Bipolar states are not selves though if one had Dissociative Identity Disorder (DID) then some selves may manifest more in a manic or depressive extreme.
Gender Identity Disorder is about having a gender identity different to that of your physical body but does not necessarily mean there will be male, female or genderless selves. However those with Dissociative Identity Disorder may commonly have selves which are of any gender regardless of the gender of the body.
Selves function as cohesive wholes but where there are multiple selves, their patterns of interests, distressses and their collective personality traits may deeply clash with that of other selves in the same body. A self can also remain dormant until triggered, even made redundant and kept down for years.
Selves are identities but roles can be identities too. Dissociative Identity Disorder is where someone has multiple identities which are all experienced as competing selves. Those with PTSD can experience dissociation and form dual identities; the everyday life one grounded in the present and those of one or more selves who experienced the trauma or traumas associated with PTSD. If someone was born into a severely abusive, threatening or traumatic environment, then there may be such a multitude of PTSD episodes that the person may have many selves associated with those episodes as well as the one trying to live in the present day ‘daily life’.
Donna Williams, Dip Ed, BA Hons.
Author, artist, singer-songwriter, screenwriter.
Autism consultant and public speaker.
http://www.myspace.com/nobodynowherethefilm
http://www.donnawilliams.net
http://www.aspinauts.com
Hello Donna,
I am interested what your response would be to claims by some clinical psychologists that dissociative identity disorder doesn’t actually exist in nature, and that all cases are the result of iatrogenesis, in particular from suggestive hypnosis and the like.
Hi Lev,
I certainly think MPD had these claims levelled at it.
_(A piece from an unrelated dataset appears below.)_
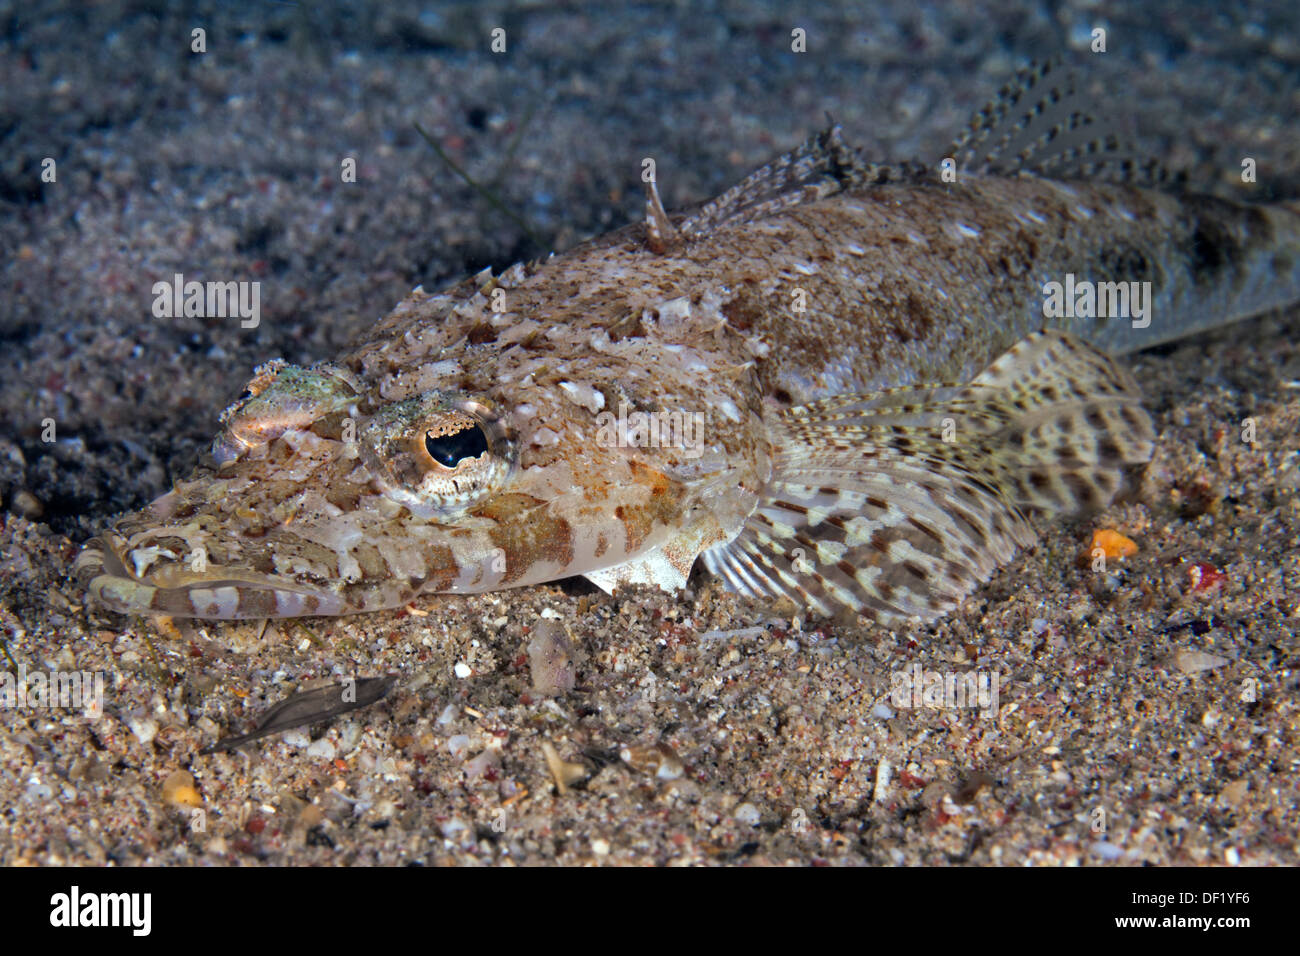 Crocodile fish (Platycephalidae) camouflaged on sandy sea floor at night. Stock Photo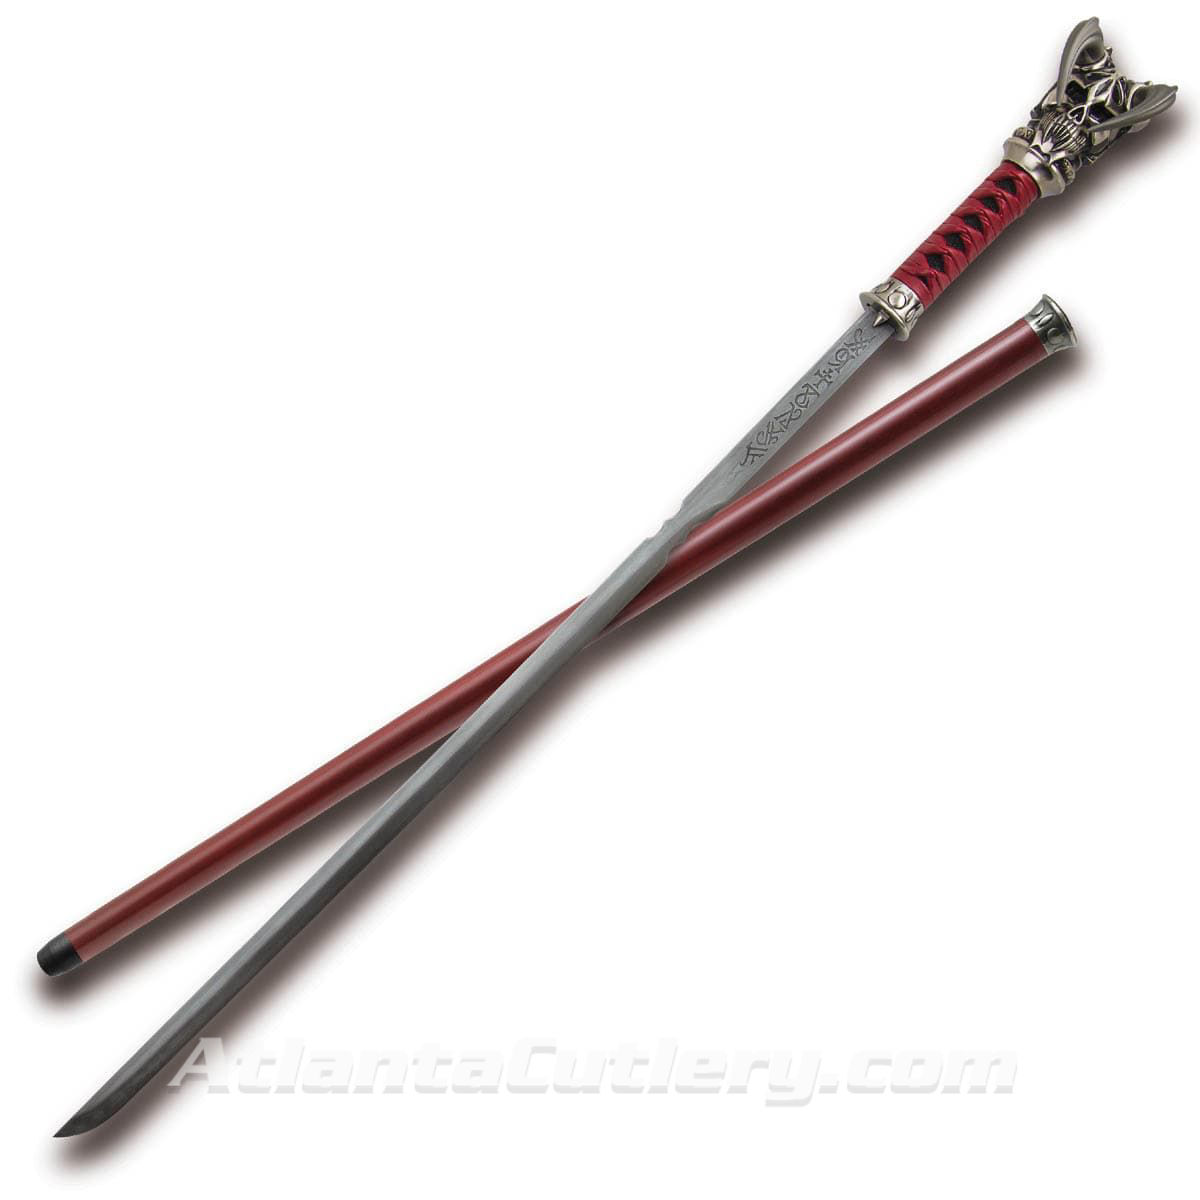 Kit Rae Vorthelok Sword Cane with folded Damascus blade, cast metal pommel and wood shaft

I feel DID was more realistic a description, because it talks of identities rather than personalities.
I have worked people with Borderline who identified with MPD but interestingly resented the term DID… go figure.
I have met three people formally dx’d with DID, two of whom were also Borderlines, one of whom was not.
I feel Borderlines can be highly suggestible so would be more at risk of therapist suggestion than those with other personality disorders, although those who are Schizotypal are also known to be highly suggestible, particularly regarding issues like the supernatural and spirituality.
I had no formal dx of DID but was dx’d with PTSD by one of my therapists.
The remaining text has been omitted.